When a paired argument is provided, the predictor is shuffled within the levels of the paired factor.

Paired analysis can be very slow. If you simply can't wait to see the results remove "neb" from the tests argument.

Some details on how methods use the paired argument:

t-test, wilcox test, friedman test, quade test, SAMseq and permutation test expect a balanced "unreplicated" design with one value for each combination of levels in the paired and predictor variables.

Negbinom/poisson glm, linear regression and limma models use the paired variable as a random intercept (i.e. they become mixed-effect models) and are very flexible regarding design and work well for unbalanced designs.

EdgeR, DESeq2 and metagenomeSeq ZIG include the paired variable as a covariable in the model and are also generally flexible in the design.

ANCOM use the paired variable in a repeated measures manner

If you have non-relative abundances, e.g. for normalized protein abundance:

mytest <- testDA(data, predictor, relative = FALSE)

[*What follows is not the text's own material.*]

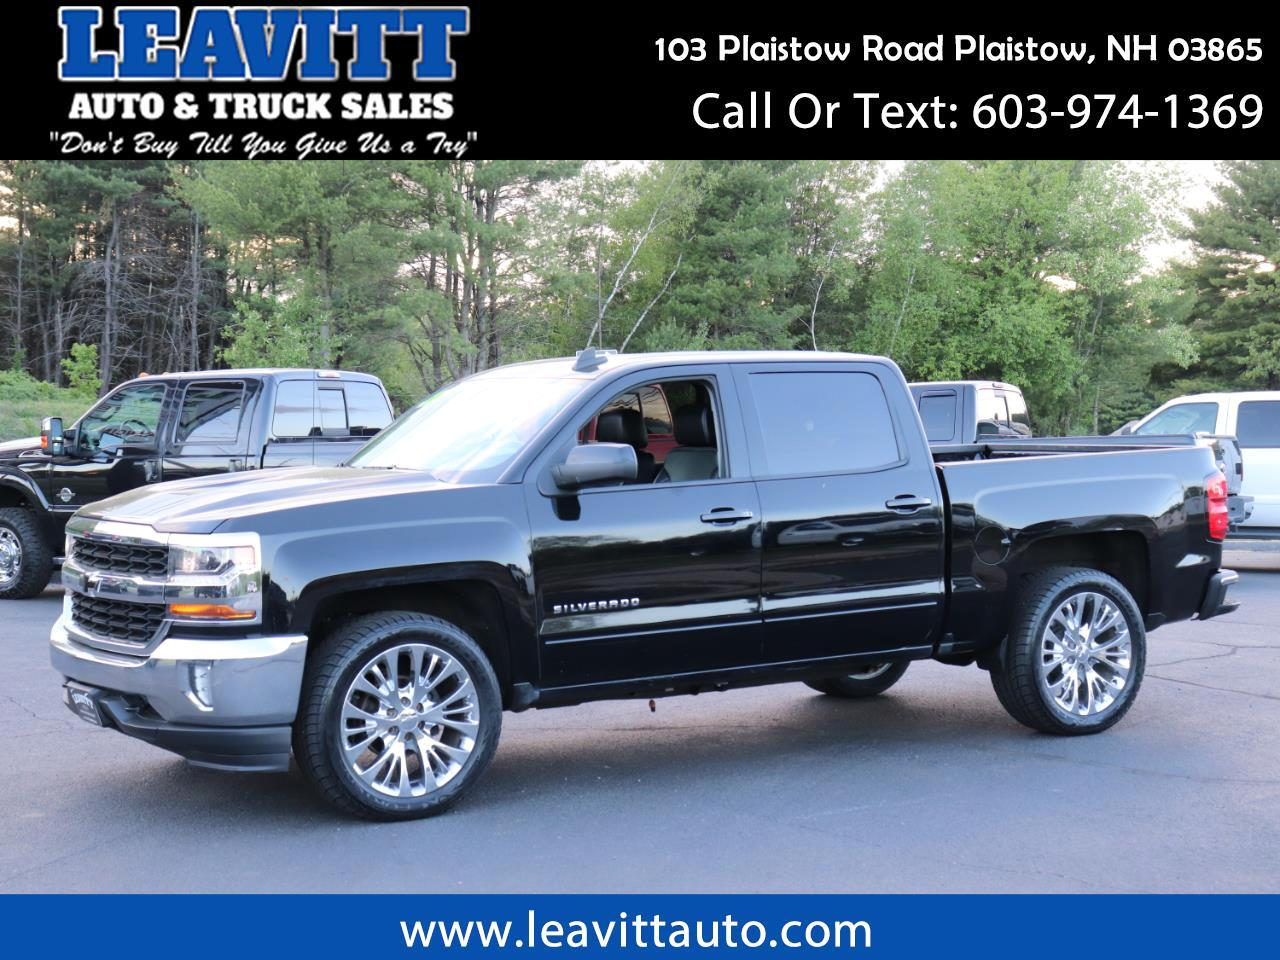 Used 2017 Chevrolet Silverado 1500 Lt Crew Cab Black Black 22 Chrome Wheels For Sale In Plaistow Nh 03865 Leavitt Auto And Truck

If relative=FALSE the values in data will NOT be normalized by the sum of the samples for "ttt", "ltt", "ltt2", "wil", "per", "lrm", "llm", "llm2", "lim", "lli", "lli2", "pea", "spe", "aov", "lao", "lao2" and "kru", and there will NOT be an offset of log(librarySize) for "neb", "poi", "qpo", "zpo" and "znb". Furthermore, tests that are specifically designed to handle sequence data are turned off: DESeq2, EdgeR, MetagenomeSeq, ANCOM, RAIDA, ALDEx2 and baySeq. Therefore, the data is analysed as provided, except for the tests that log-transform the data: "ltt", "llm", "lli" and "lao".

If you have covariates:

The covars argument should be a named list with the covariables (in the same order as columns in data):

mytest <- testDA(data, predictor, covars = list(Age = subject.age, Date = exp.date))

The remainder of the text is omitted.